The wake effect is an aerodynamic interaction between turbines in a wind farm, where wind flow is blocked by turbines ahead, leading to a total power loss of 10-25%. The wake effect can be controlled by adjusting the yaw-offset angle, pitch angle, tip-speed ratio, or a combination of these strategies. This research aims to compare and determine the most effective control strategy to maximize total wind farm power production. The method involves analyzing and simulating various control strategies to reduce the wake effect. A Gaussian wake-effect model is used to simulate wind flow patterns, turbine interactions, and total wind farm power.
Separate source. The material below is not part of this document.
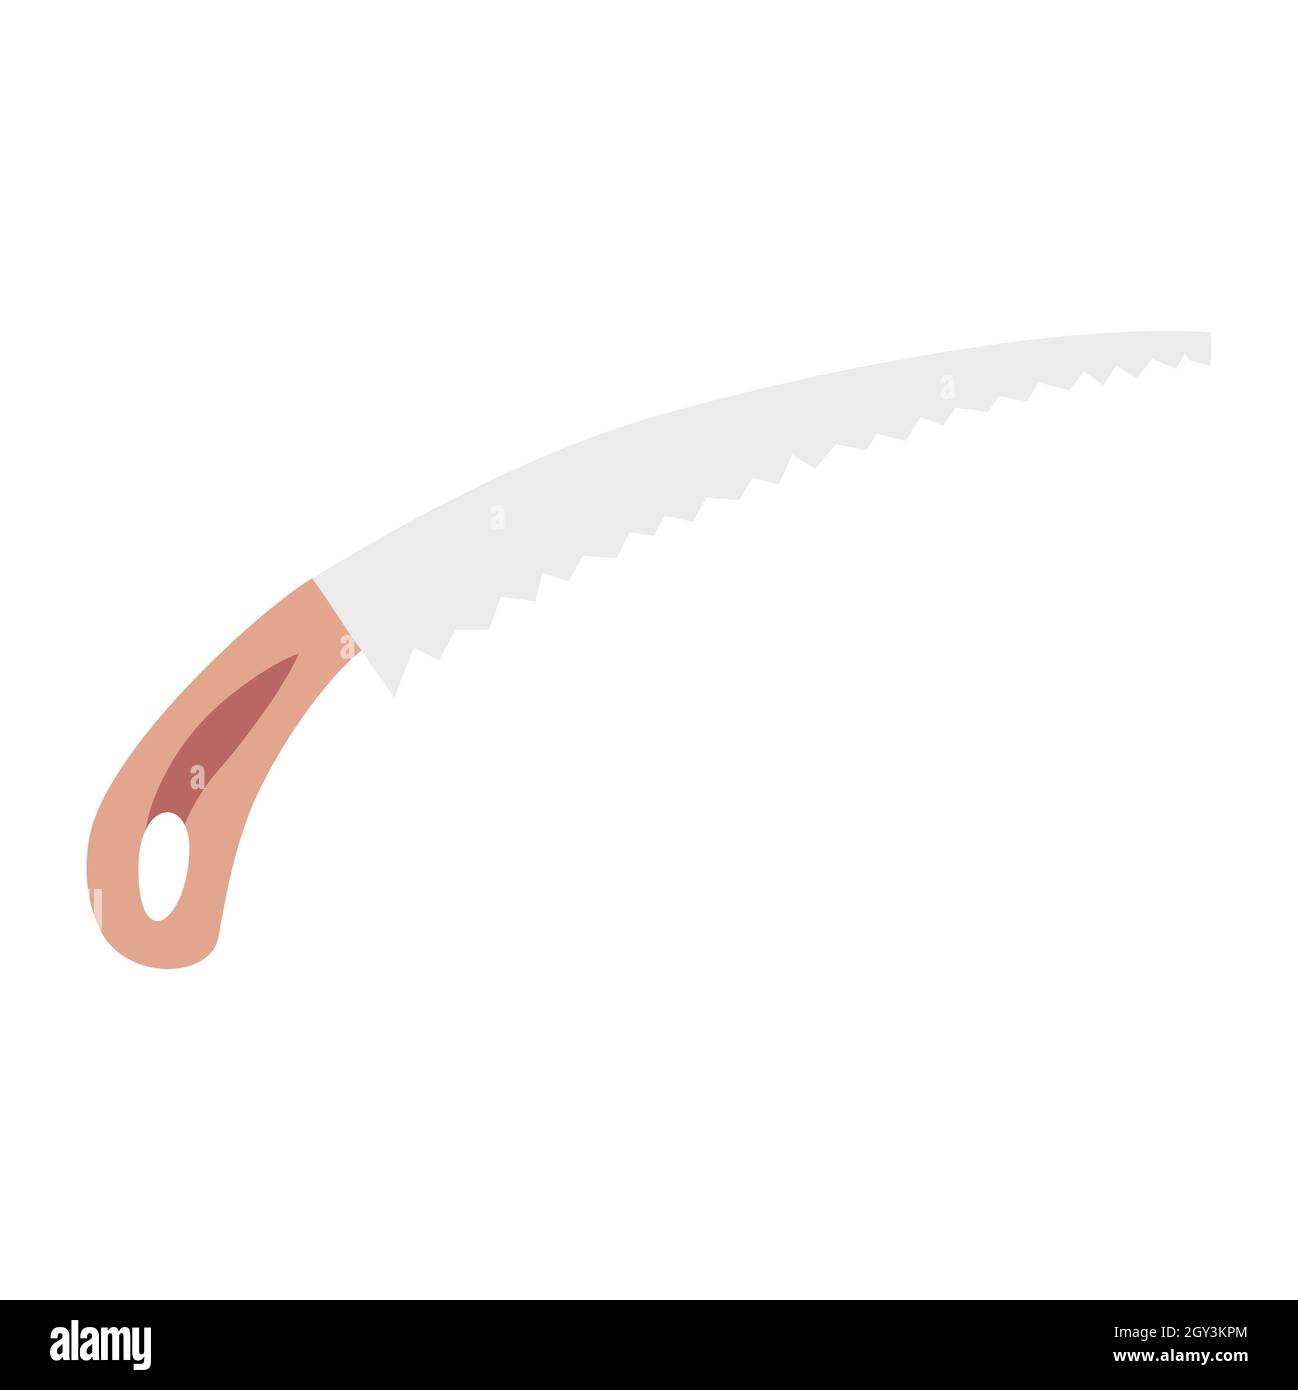 flat design illustration of a wood saw with brown algae vector illustrations Stock Vector

Data is generated from simulations under wind speeds of 3 m/s and 10 m/s, and turbine spacing of 7D and 12D. Results show that total wind farm power production increased by 11.41%, 2.21%, 0.00%, and 12.70% for yaw-offset angle, pitch angle, tip-speed ratio, and a combination of the three, respectively. The study identifies the combination of these parameters as the most effective strategy for reducing the wake effect. Proper wake-effect control can significantly boost total wind farm power production, with broader potential applications for commercial wind farms in the future.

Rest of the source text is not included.